For conda or mamba replace micromamba with conda or mamba below. If you want to create the environment with CPU support only, you can replace environment.yaml with environment_cpu.yaml.

micromamba env create -f environment.yaml  # create mamba environment
micromamba activate mldft                  # activate environment
pip install -e .                           # install as an editable package
pip install -e tensorframes                # install tensorframes

Install using Pip

pip install -r requirements.txt -e .       # install requirements and package
pip install -e tensorframes                # install tensorframes

Setup using script

To actually run an OFDFT calculation using an ML model you now need to get an ML model and setup some environment variables. To make this easier we supply a little setup script that you can call with

mldft_setup

It will ask you where to place the datasets and ml models, defaults are $HOME/dft_data$ and $HOME/dft_models and also export them as the respective environment variables DFT_DATA and DFT_MODELS. Then it will offer you to download our two models from our repo on hugging face (note that you require the hugging face python package that you can install with pip install huggingface_hub). It will furthermore offer you to download some dataset statistics which will be required if you want to use the SAD guess during density optimization with the cli.

Environment variables

Before running the code you need to set the two following environment variables DFT_DATA, the path where the data should be stored and DFT_MODELS which is the path where the training runs including model checkpoints, logs and tensorboard files should be stored. You can set them in your .bashrc or .zshrc

export DFT_DATA="/path/to/data"
export DFT_MODELS="/path/to/models"

Usage

This is a general usage manual. To reproduce results from our paper see REPLICATION_GUIDE.md.

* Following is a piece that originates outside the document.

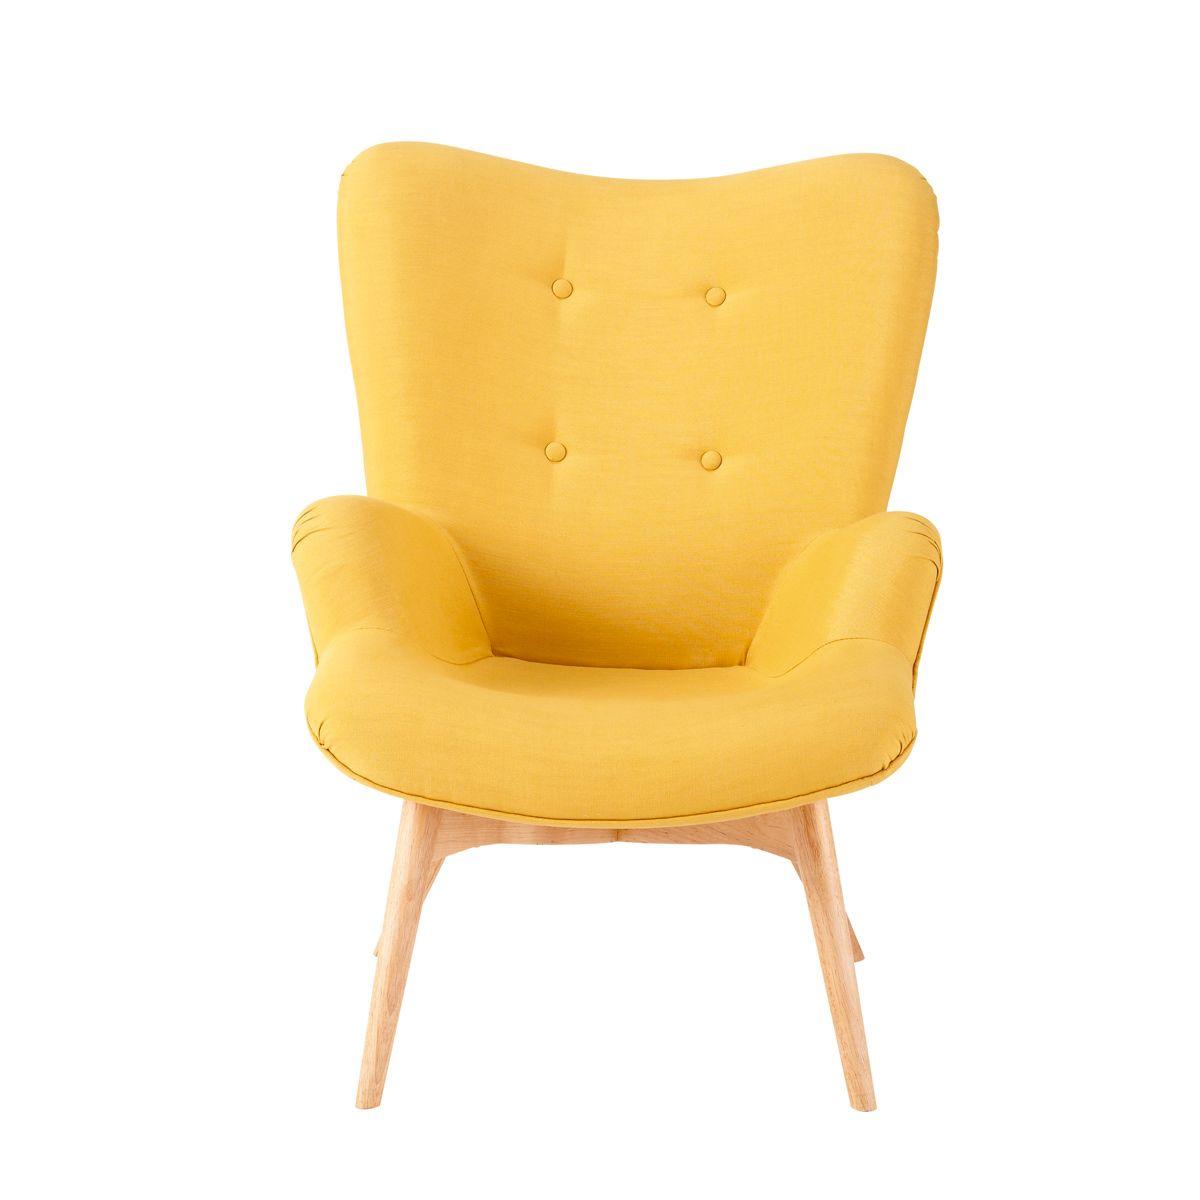 Fauteuil Scandinave En Jaune Salons Yellow Armchair And Armchairs - Fauteuil vintage moutarde
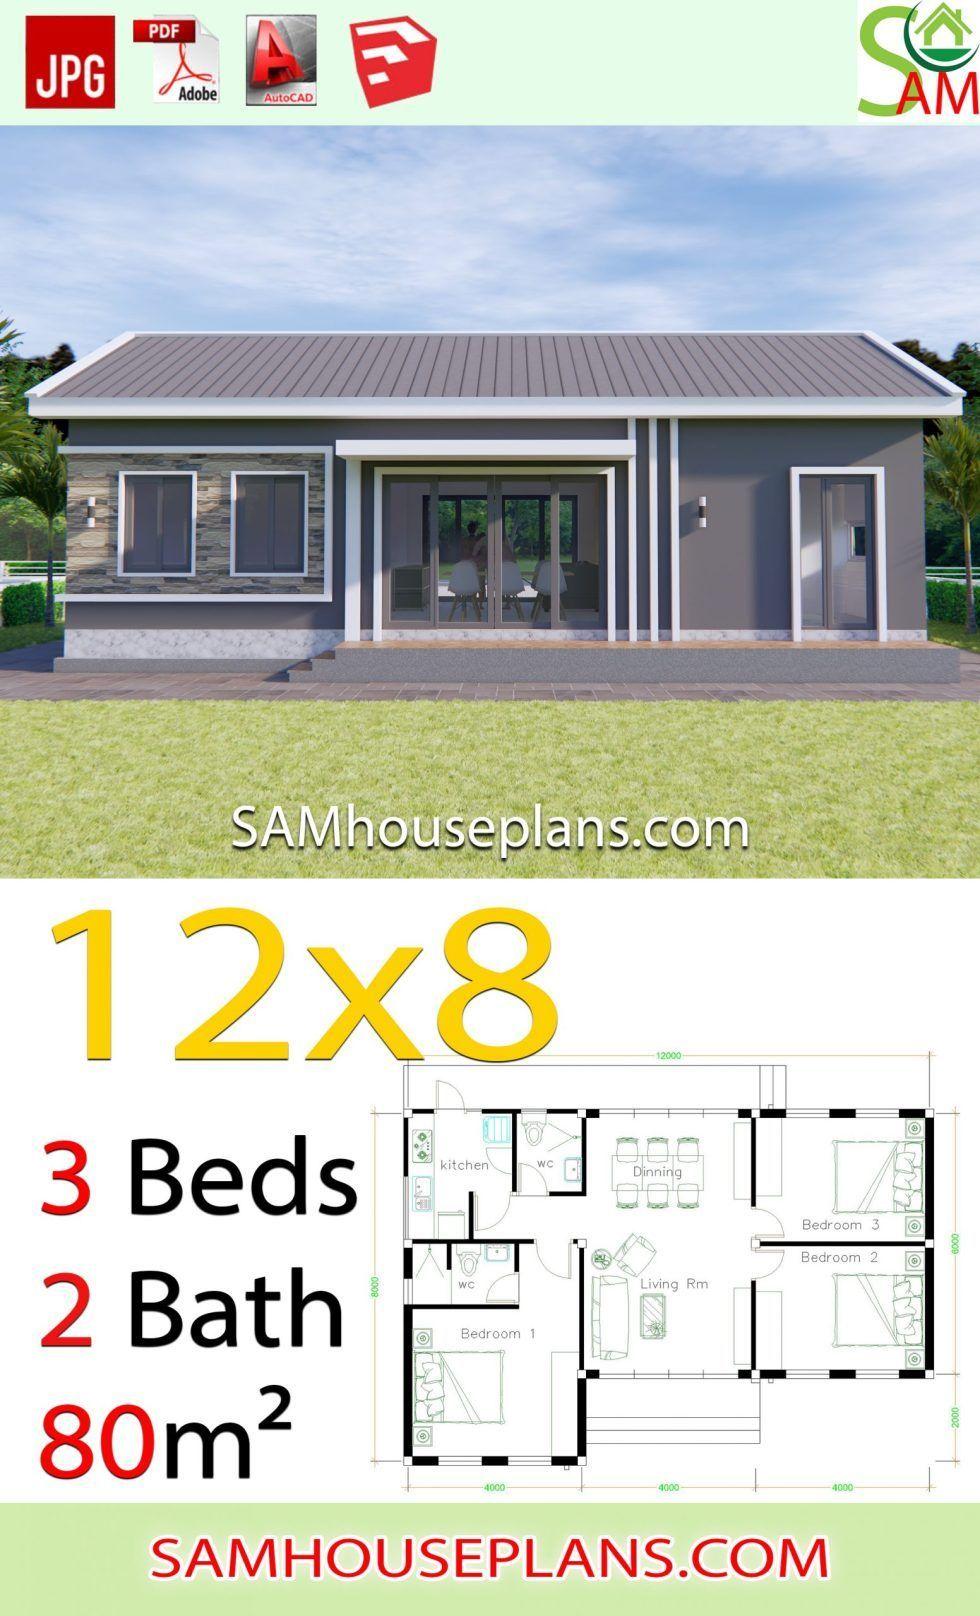 House Plans 12x8 With 3 Bedrooms Gable Roof Sam House Plans 12x8 Bedrooms Gable House Plans Roof Sam Rumah Indah Denah Rumah Rumah

We use hydra to manage configurations. The main configuration files are located in configs/.

Data generation

Our datasets used are available at dryad.

  1. (Optional) Create your own dataset class or use the MISC dataset and provide xyz files to set which molecules should be generated.

  2. (Optional) Create a config file in configs/datagen/dataset/

  3. Run Kohn-Sham DFT on the dataset and create .chk files in $DFT_DATA/dataset/kohn_sham:

    Example: mldft_ks dataset=<your_dataset_config_name> n_molecules=1000 start_idx=0

  4. Based on the Kohn-Sham result, do density fitting, compute energy and gradients and save as labels for the machine learning model in $DFT_DATA/dataset/labels:

    Example: mldft_labelgen dataset=<your_dataset_config_name> n_molecules=-1

  5. Split the file into train, validation and test dataset usingmldft/utils/create_dataset_splits.py.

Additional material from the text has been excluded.